Orshok and Ashi looked at her blankly and shook their heads. Geth spoke up, repeating bits and pieces that he had heard during the Last War. “Kalashtar come from across the Dragonreach. From the continent of Sarlona.”
“They come from farther away than that,” Singe said. He frowned. “Kalashtar are the descendants of humans and spirits from Dal Quor, the plane of dreams. That’s why you have psionic powers.”
Dandra nodded. “We’re not descendants as such—the Quori spirits that formed the first kalashtar were exiles from D
al Quor, and they were given refuge in Eberron by merging with a group of humans in the nation of Adara in Sarlona. As those first kalashtar married and had children, the original Quori spirits splintered among their lineages. The point is, we know exactly when kalashtar came into being. It was eighteen hundred years ago.” She pointed her spear at the Dhakaani device. “How could an empire that was dead more than three thousand years before kalashtar even existed build something to affect us? Why would they?”
“Maybe they’re not the same device,” said Orshok. All eyes turned to him and the young druid shifted uncomfortably. “Dah’mir’s device was bigger, wasn’t it? A knife and a sword have a lot in common, but you don’t use them for the same thing.”
Singe’s eyebrows rose. “But both devices were built around the same Khyber shard. Once a shard is attuned to a particular magic, it can’t be changed.”
Geth was abruptly conscious of the weight of Adolan’s stone collar around his neck. During the battle at the Bonetree mound, the Gatekeeper magic within the collar had protected him from the mental assault of a mind flayer. The Dhakaani sword at his waist had been forged to kill illithids and the other aberrant servants of the daelkyr; the ancient hobgoblins must have known about the tentacle-faced creatures’ deadly abilities. “Dandra,” he said, “are the powers of mind flayers psionic or magical?”
Her mouth opened, then closed as her eyes narrowed. After a moment, she said, “Psionic. They might come from the madness of Xoriat instead of the dreams of Dal Quor, but they’re still psionic. It’s like the difference between the magic of druids and the magic of wizards.”

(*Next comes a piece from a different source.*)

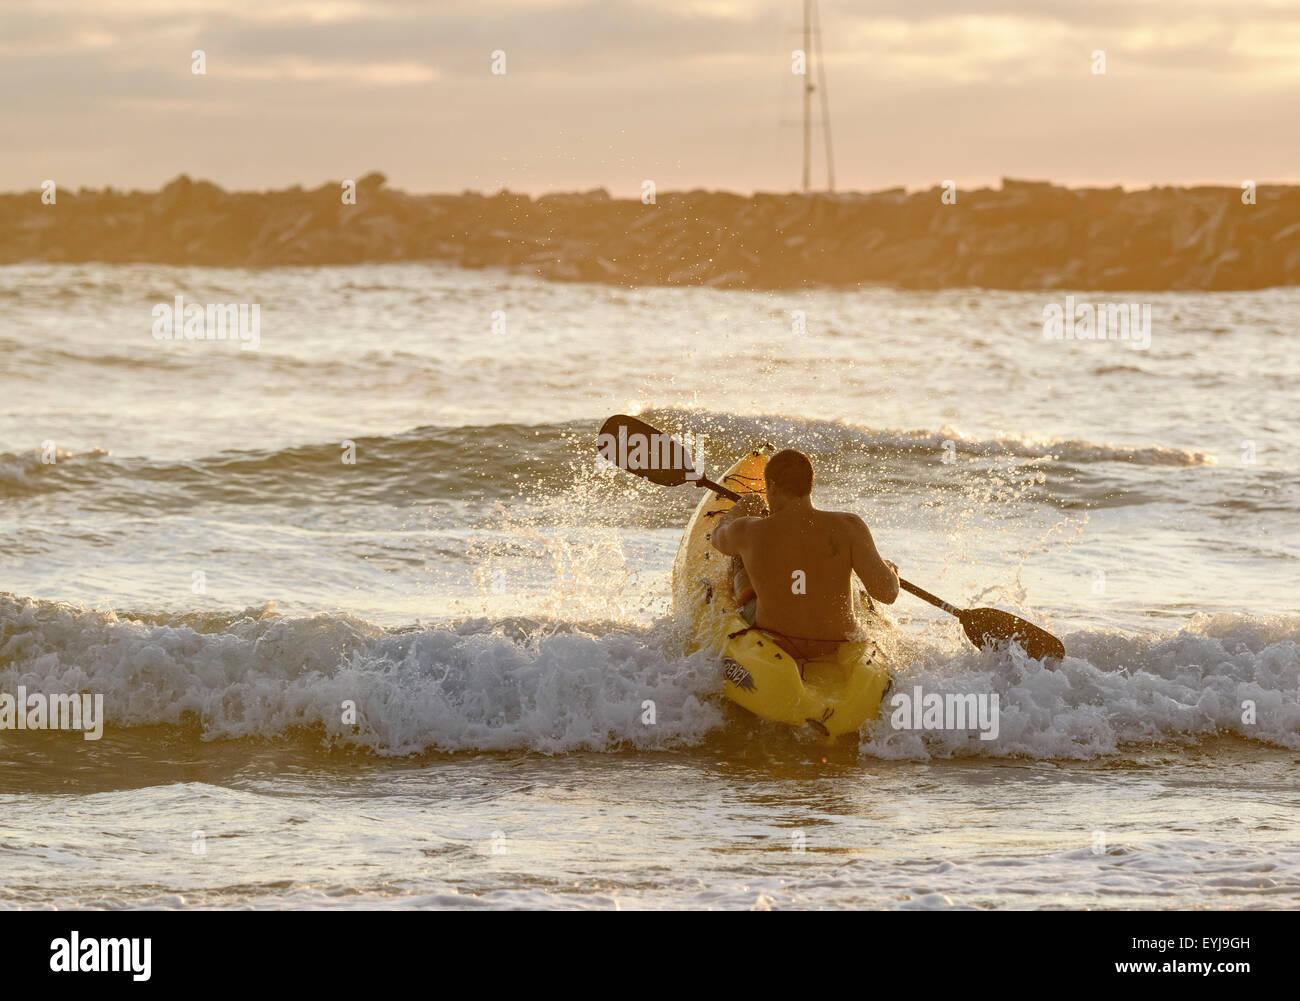 Man kayaking surf at Ocean Beach, CA - Stock Image

“The Dhakaani fought mind flayers during the Daelkyr War.” Geth looked to Singe. “What if the binding stone traps things with psionic powers and all the wires and crystals around it are like …?” He struggled to put the idea in his head into words. “Like a sieve that only lets certain things through. What if the Dhakaani built a device that let the shard capture mind flayers, but Dah’mir made a new device that captures kalashtar instead.”